A cipher disk is an enciphering and deciphering tool developed in 1470 by the Italian architect and author Leon Battista Alberti. He constructed a device, (eponymously called the Alberti cipher disk) consisting of two concentric circular plates mounted one on top of the other. The larger plate is called the "stationary" and the smaller one the "moveable" since the smaller one could move on top of the "stationary".

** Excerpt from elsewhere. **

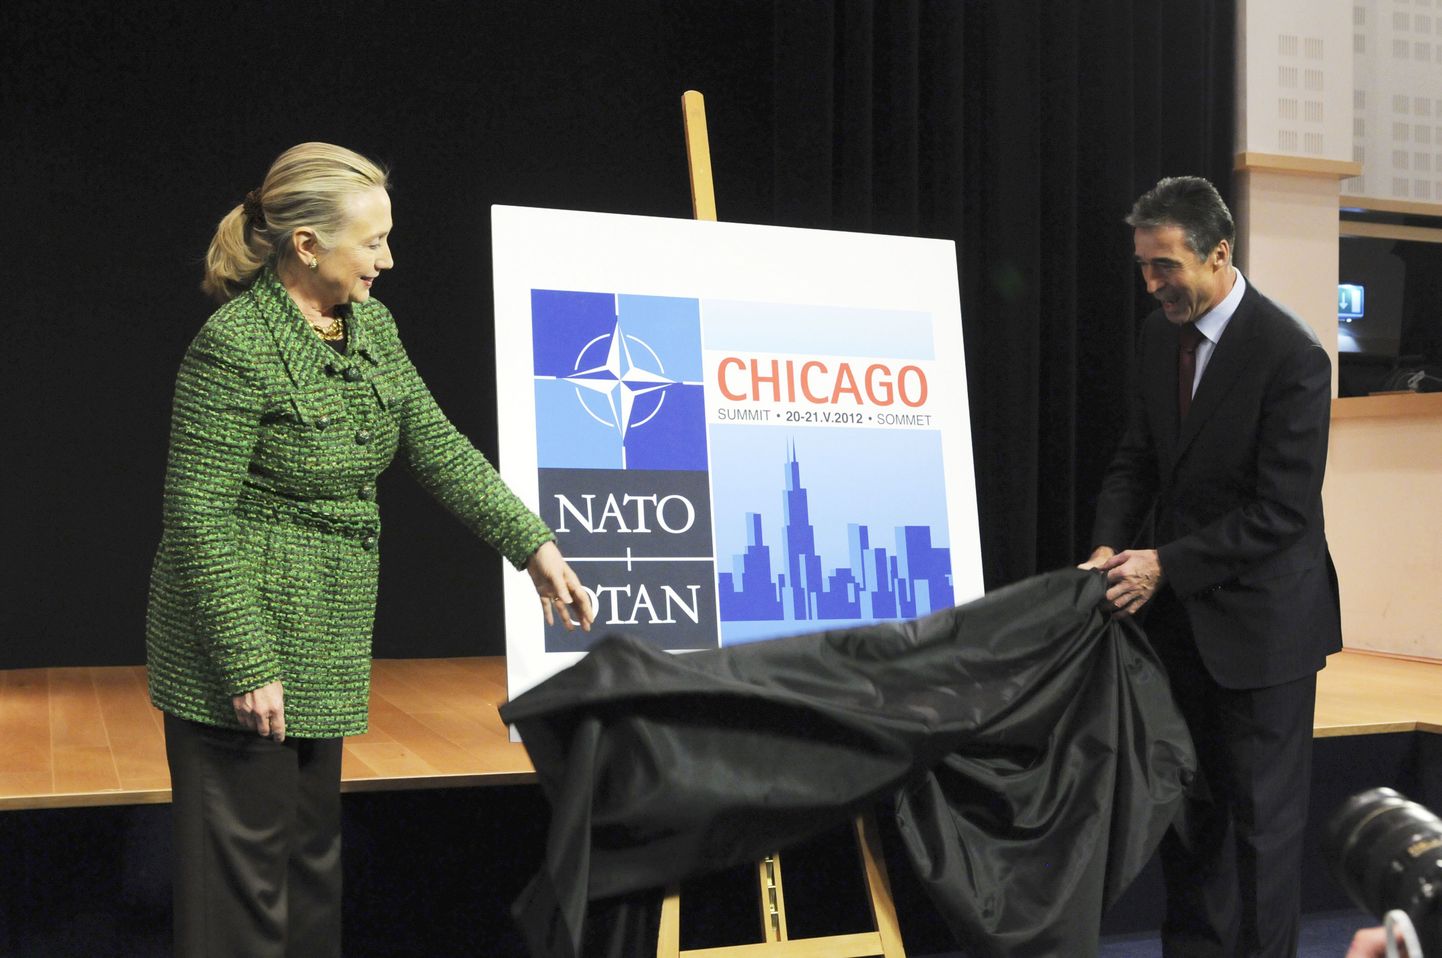 NATO peasekretär Anders Fogh Rasmussen ja USA välisminister Hillary Clinton võtmas katet Chicago tippkohtumise logolt.

The first incarnation of the disk had plates made of copper and featured the alphabet, in order, inscribed on the outer edge of each disk in cells split evenly along the circumference of the circle. This enabled the two alphabets to move relative to each other creating an easy-to-use key. Rather than using an impractical and complicated table indicating the encryption method, one could use the much simpler cipher disk. This made both encryption and decryption faster, simpler and less prone to error.

==Methods of encryption==
The cipher disk can be used in one of two ways. The code can be a consistent monoalphabetic substitution for the entire cipher or the disks can be moved periodically throughout the cipher making it polyalphabetic. For a monoalphabetic use, the sender and the person receiving the messages would agree on a cipher key setting (e.g., the "G" in the regular alphabet would be positioned next to the "Q" in the cipher alphabet). The entire message is then encoded according to this key.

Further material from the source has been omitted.